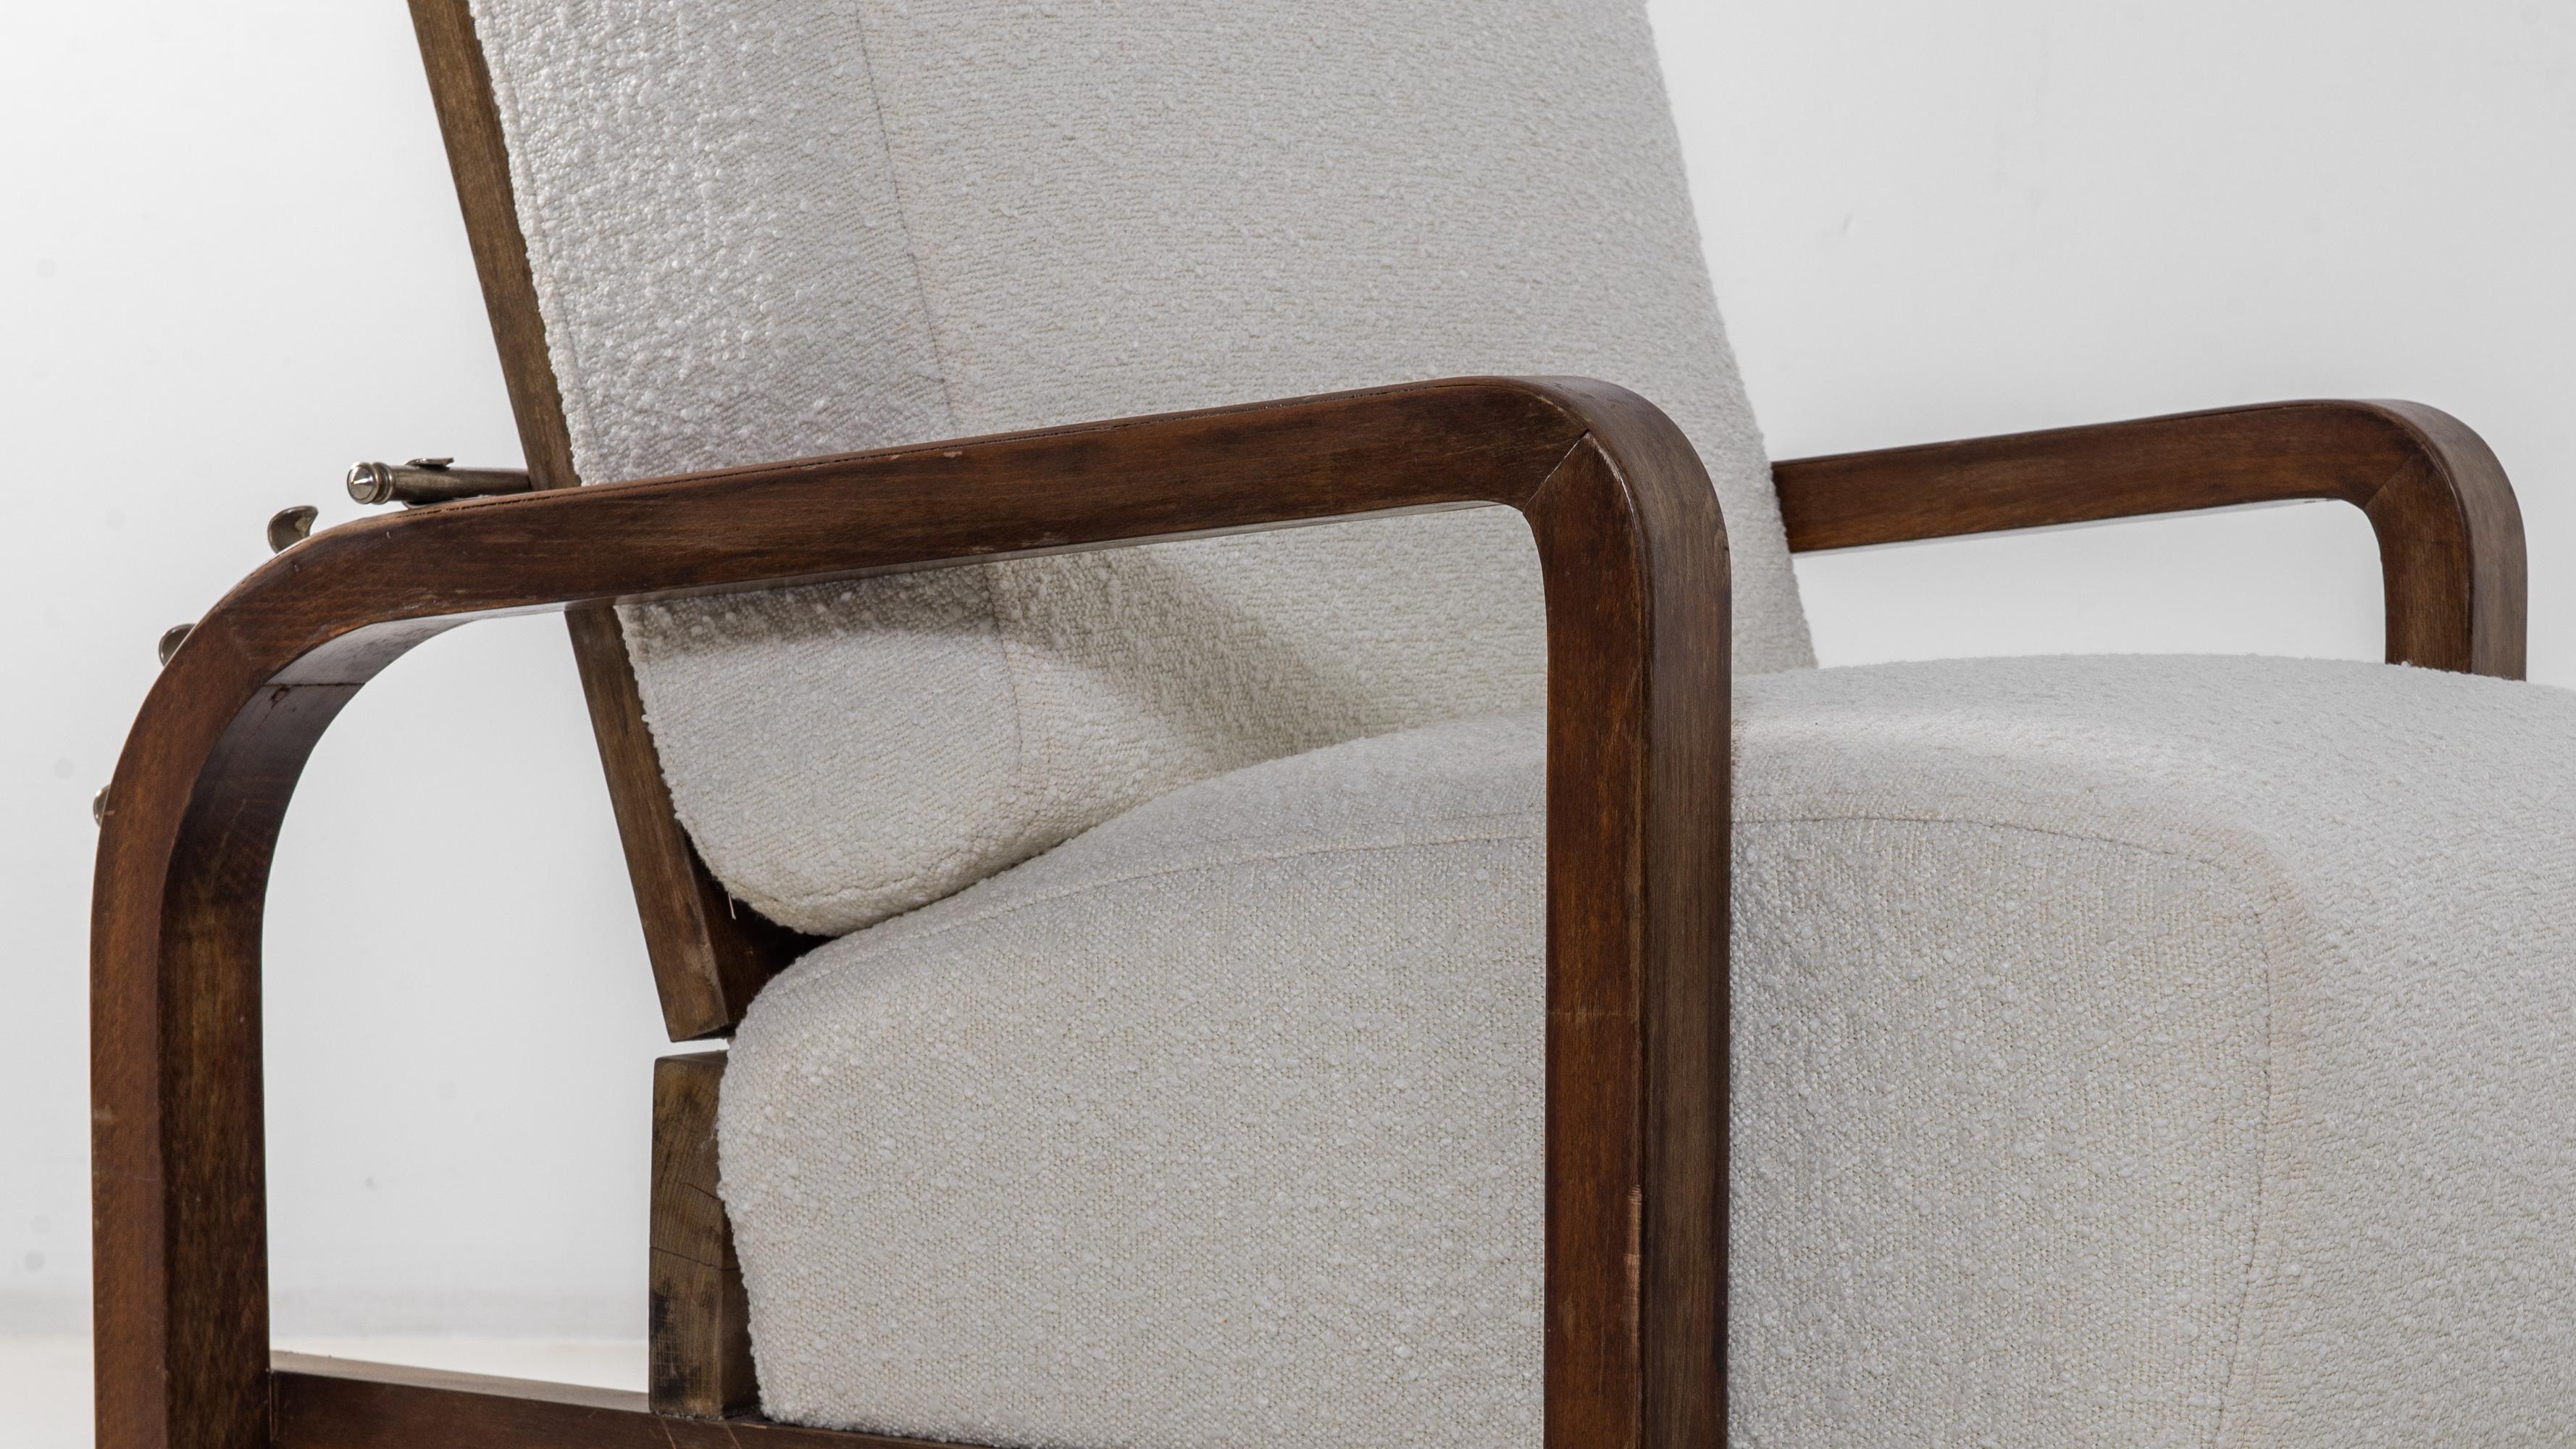 Das einzigartige Design dieses Sessels verleiht ihm eine faszinierende und reizvolle Persönlichkeit. Der in den 1930er Jahren in Mitteleuropa gefertigte, niedrige Sitz schwebt nur wenige Zentimeter über dem Boden, die Größe der Kissen ist für die
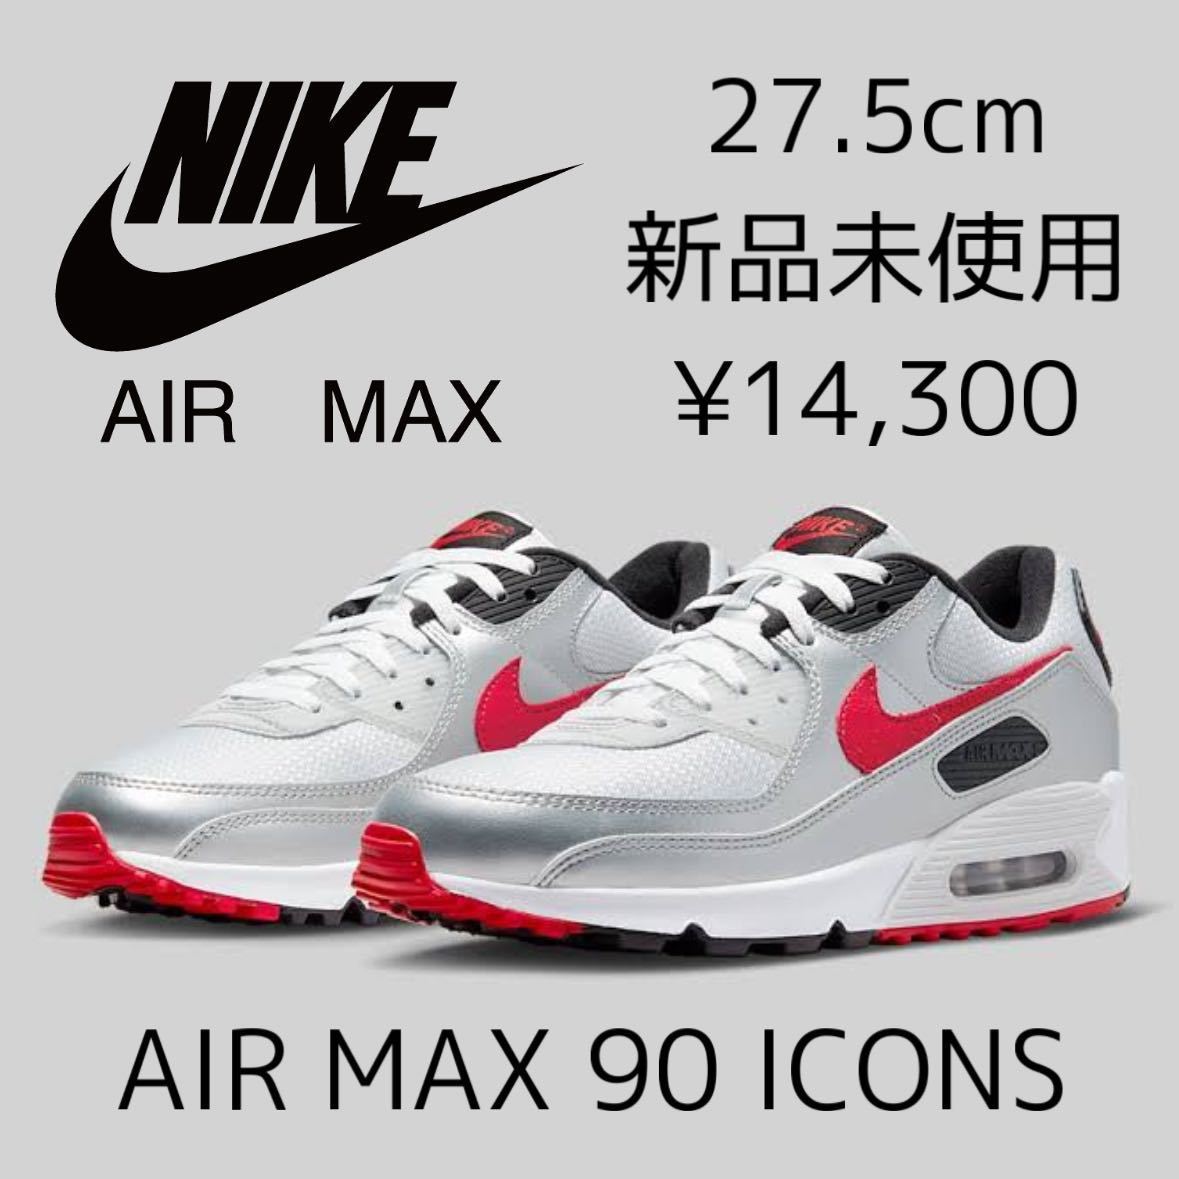 27.5cm новый товар NIKE AIR MAX 90 ICONS air max Icon air max мужской спортивные туфли low стандартный повседневная обувь серебряный красный 
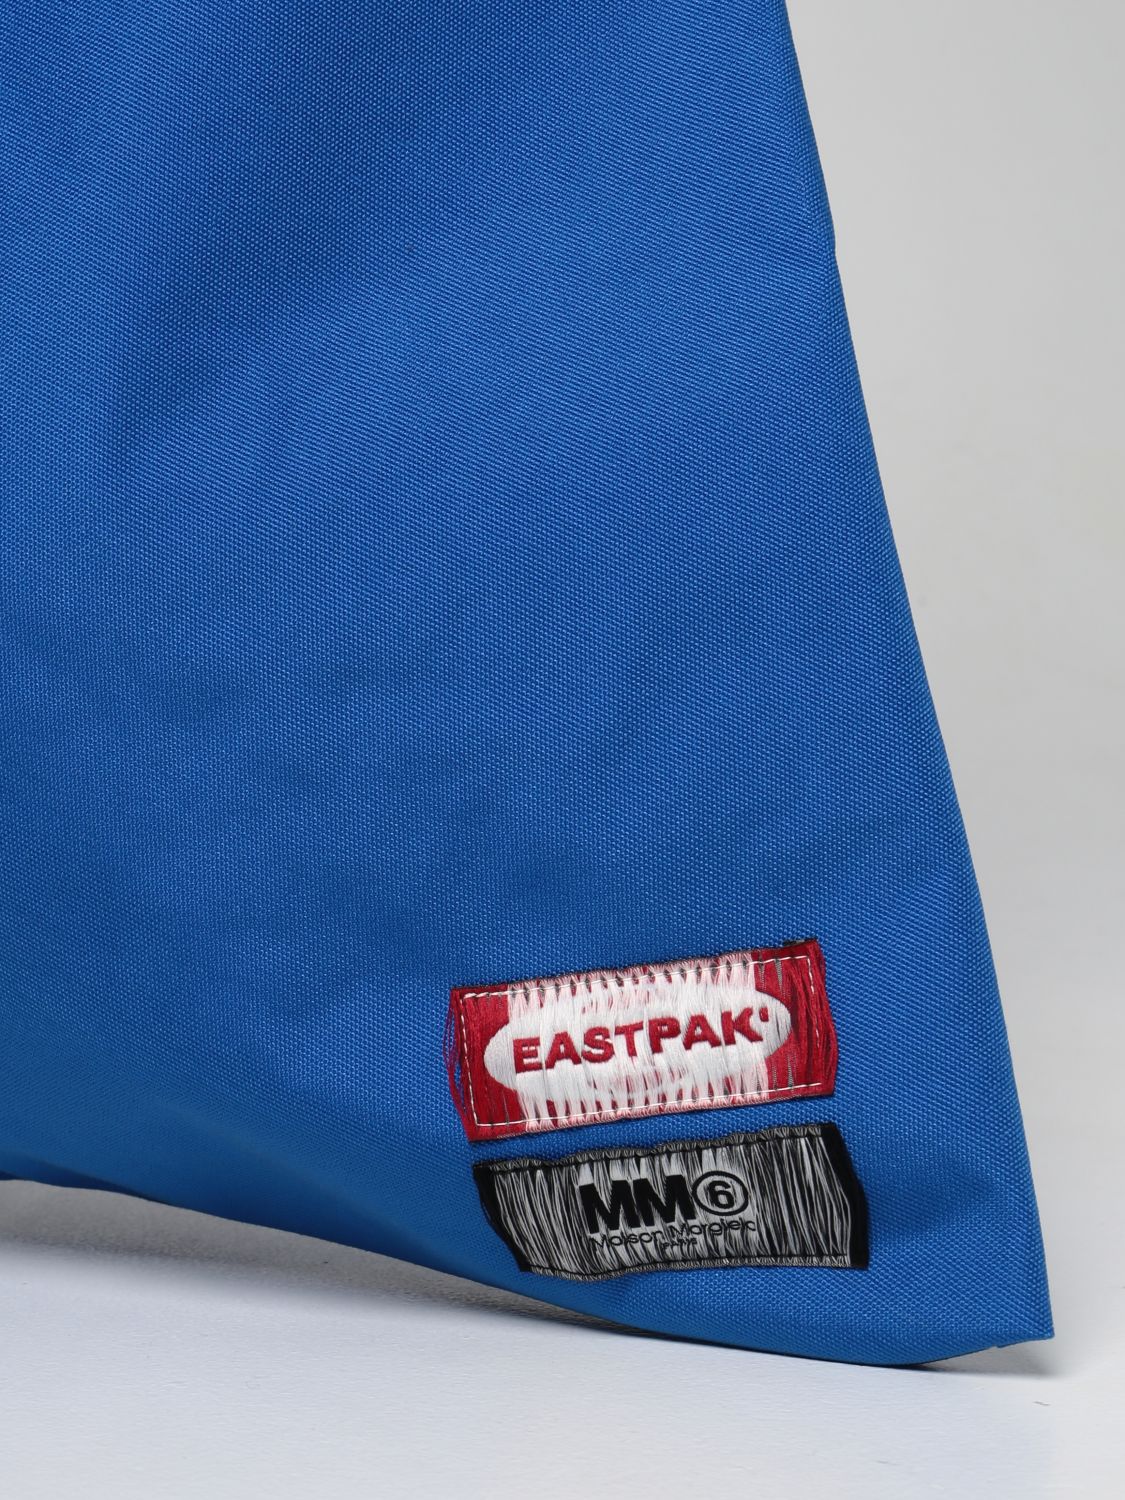 Bags Eastpak: Japanese Mm6 Maison Margiela x Eastpak nylon bag blue 3

━━━━━━━━━━

Your objective
From the first line to the last, repeat the material exactly, but drop the pictures.

Written reply
 Das einzigartige Design dieses Sessels verleiht ihm eine faszinierende und reizvolle Persönlichkeit. Der in den 1930er Jahren in Mitteleuropa gefertigte, niedrige Sitz schwebt nur wenige Zentimeter über dem Boden, die Größe der Kissen ist für die
 27.5cm новый товар NIKE AIR MAX 90 ICONS air max Icon air max мужской спортивные туфли low стандартный повседневная обувь серебряный красный 
 Bags Eastpak: Japanese Mm6 Maison Margiela x Eastpak nylon bag blue 3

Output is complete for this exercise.